In search for coherence and sustainability, IKEA took decisive steps to place the Fair Wage methodology at the core of its different policies: of Human Resources, of Compensation, and of Sustainability. It also decided to have it applied not only for its suppliers but also for its own employees, with a series of pilot Fair Wage Assessments carried out among suppliers, service providers, stores and own industry groups.
Fair Wage Global Strategy applied in different segments and markets

A diversified approach

IKEA is the brand in the sector of retail and beyond that has taken most innovative initiatives and made concrete steps towards a fair wage global strategy. IKEA implemented pilot studies in several different markets, and also involved workers from different types of companies/partners: own employees of their stores (for instance in Canada, France, Portugal, Spain, China) and their own Industry groups (in Poland and Russia), but also employees of their direct suppliers (notably in Lithuania and Poland) including service suppliers (for instance cleaning services in Russia etc.). At the same time it took commitments to pay a living wage for instance in the UK and other countries.
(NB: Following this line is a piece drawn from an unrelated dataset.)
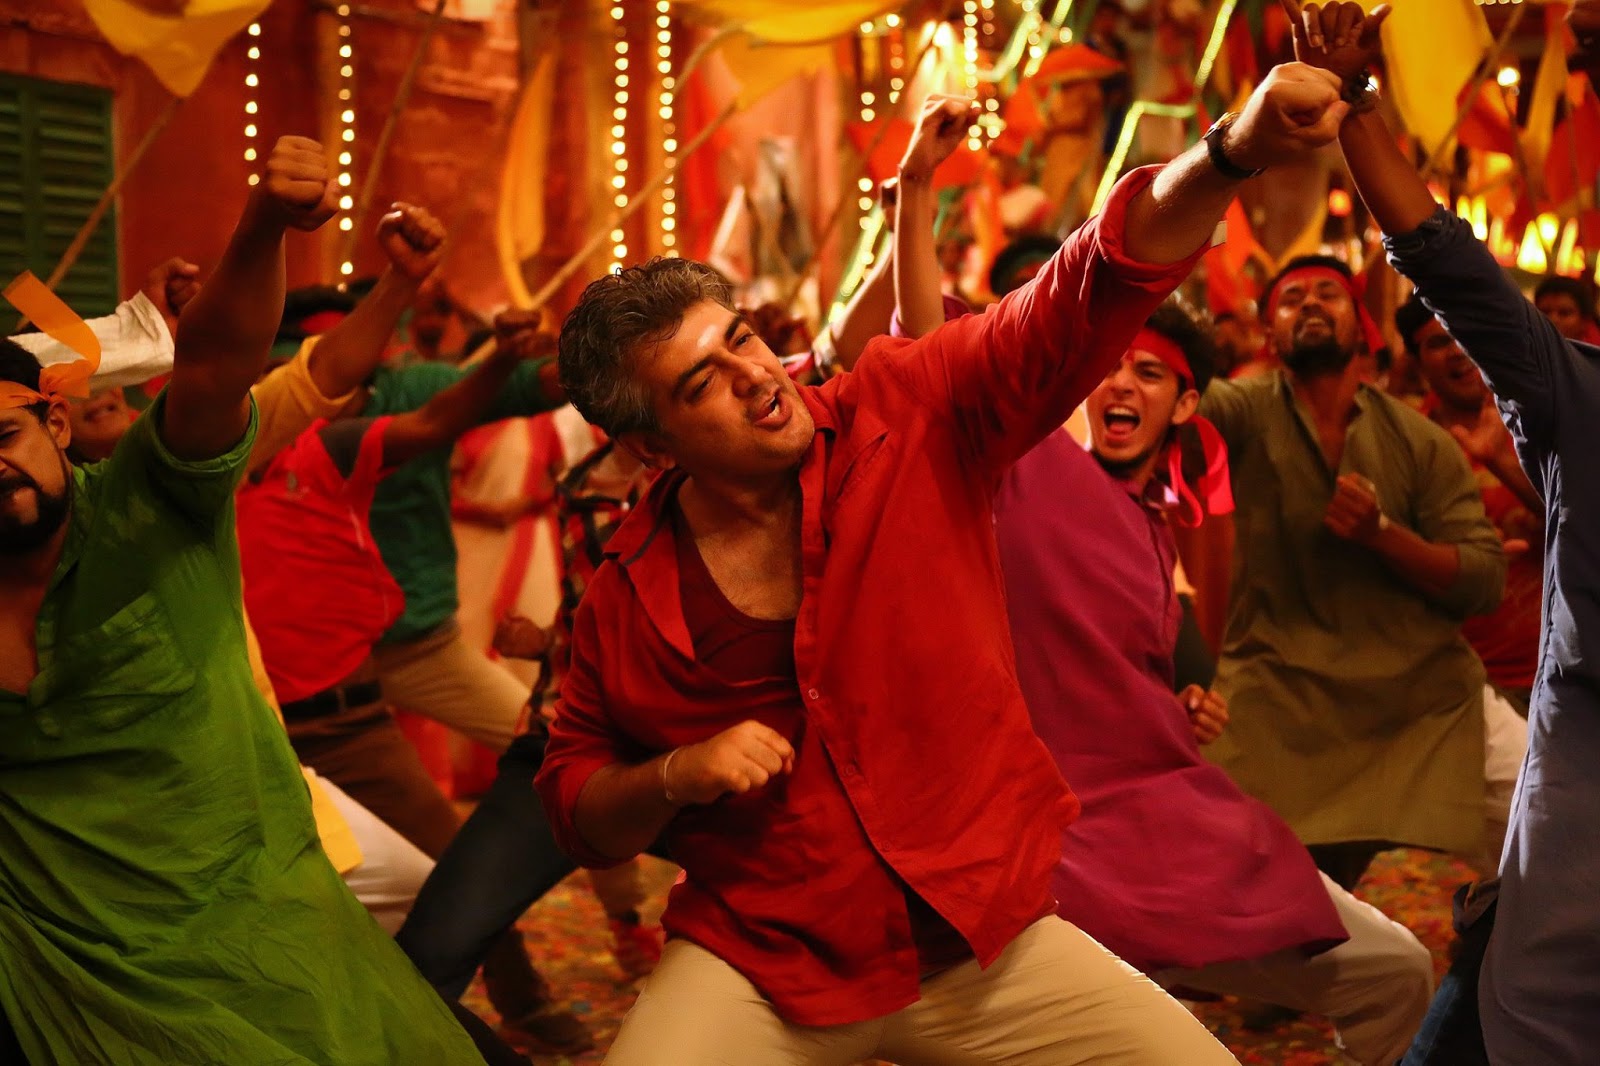 vedalam movie download in utorrent what does red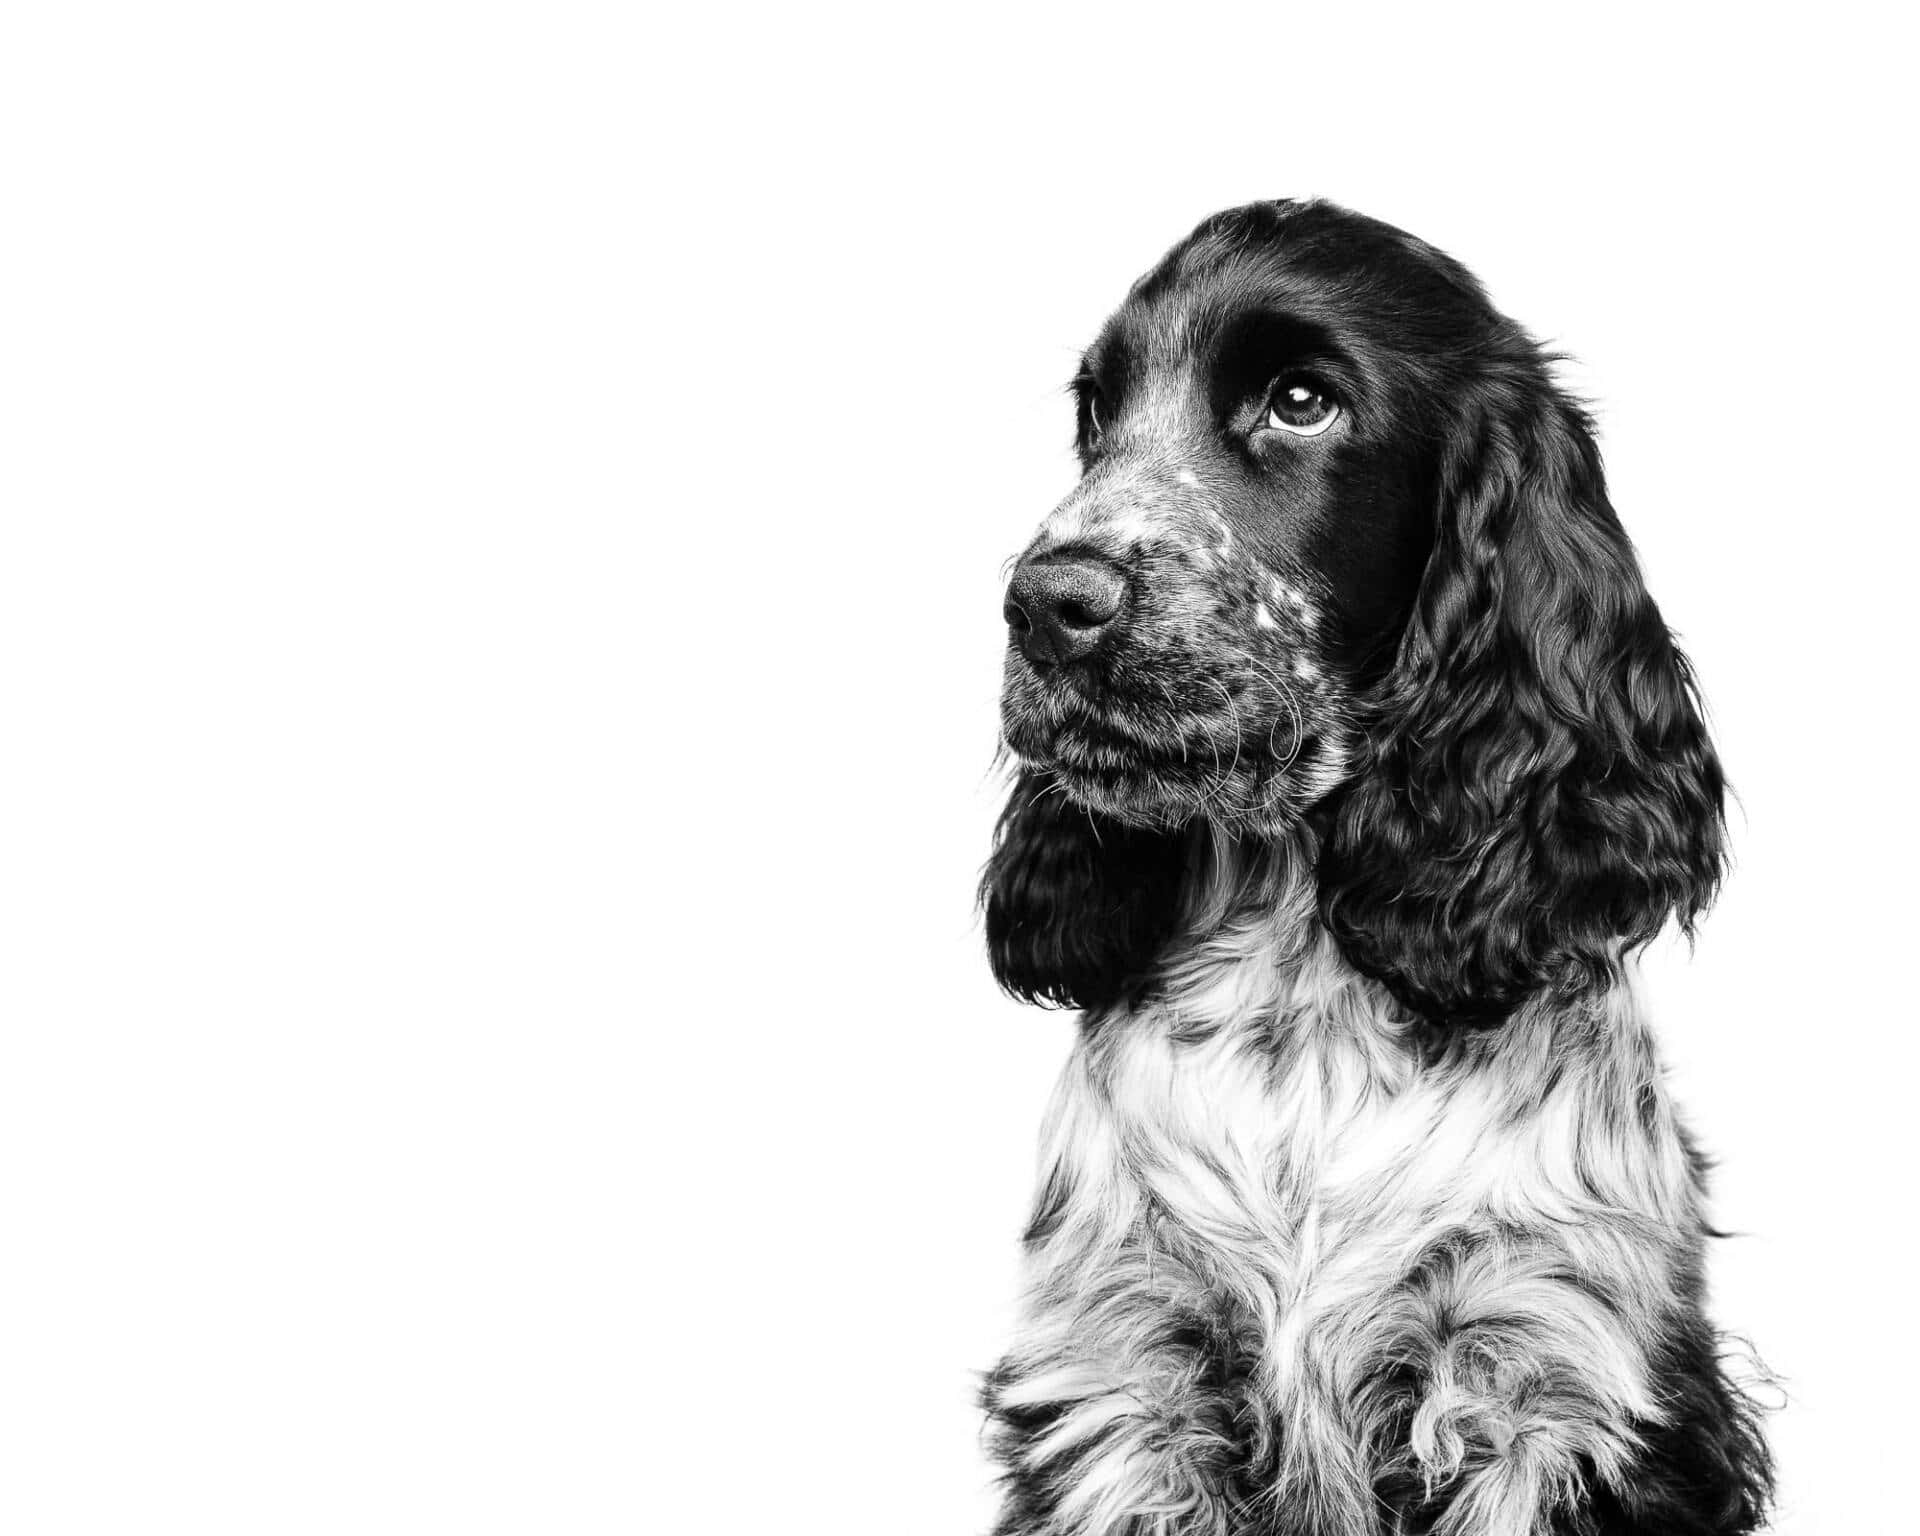 Cocker Spaniel Puppy Dog Studio Portrait by Mark Hewitson of Mark Hewitson Photography, Thame, Oxfordshire

From assessment to remediation

The furniture company also used the results of the fair wage assessments to make concrete steps towards improved wage practices.

In the US for instance, after the Fair Wage assessment carried out in 2013 in different states identified a lack of wage adjustments from one year to another -that led wages over time to lose ground compared to price increases- IKEA successfully implemented a series of wage increases to help wages of their co-workers to catch up.

It also decided to adjust wages to yearly changes in the costs of living and also adopted a living wage in 2014. As a result, staff turnover decreased by 5%, and IKEA was recognised as a Great Place to Work and was ranked among the Top 100 Employers by Fortune Magazine.

Fair Wage assessments in IKEA stores in Japan also identified wage differentials between full-time and part-time employees. In Japan local regulation stipulated that part time and full time co-workers were not at the same level in the organisation and therefore attracted different pay and benefits structure. With the increasing nature of part time work, this was presenting a challenge for IKEA.

Consequently, IKEA Japan equalized wages and benefits for all their co-workers and was the first employer in Japan to make changes in how part time and full time co-workers were treated, creating equality in not only pay but also in benefits and total experience.

IKEA also carried out a series of discussions with the Government of Japan to improve the legal status and rights of part-time employees. As a result in 2016 the government declared changes to legislation that saw equality for all workers in Japan. IKEA was also recognised as an Employer of Choice and leading the way with equality in Japan. These changes also brought a significant improvement in staff turnover.

In Russia, an active remediation policy was carried out after a fair wage assessment identified a number of wage issues to be improved. This led IKEA Russia to improve its wages and human resources policy.

IKEA also carried out in 2018 a study on wage practices and working conditions in its transportation segment of its global supply chain to better know wages and working conditions of drivers involved in shipments for IKEA especially after a number of articles had attracted attention on drivers’ conditions. IKEA took the commitment to improve the situation in this segment of its supply chain.

Adapting internal tools

At the same time, beyond individual markets, IKEA also put in place a general Fair Wage policy that led to Fair Wage principles for both its suppliers and stores. It is also incorporating better standards and benchmarks on Fair Wage into its code of conduct IWAY.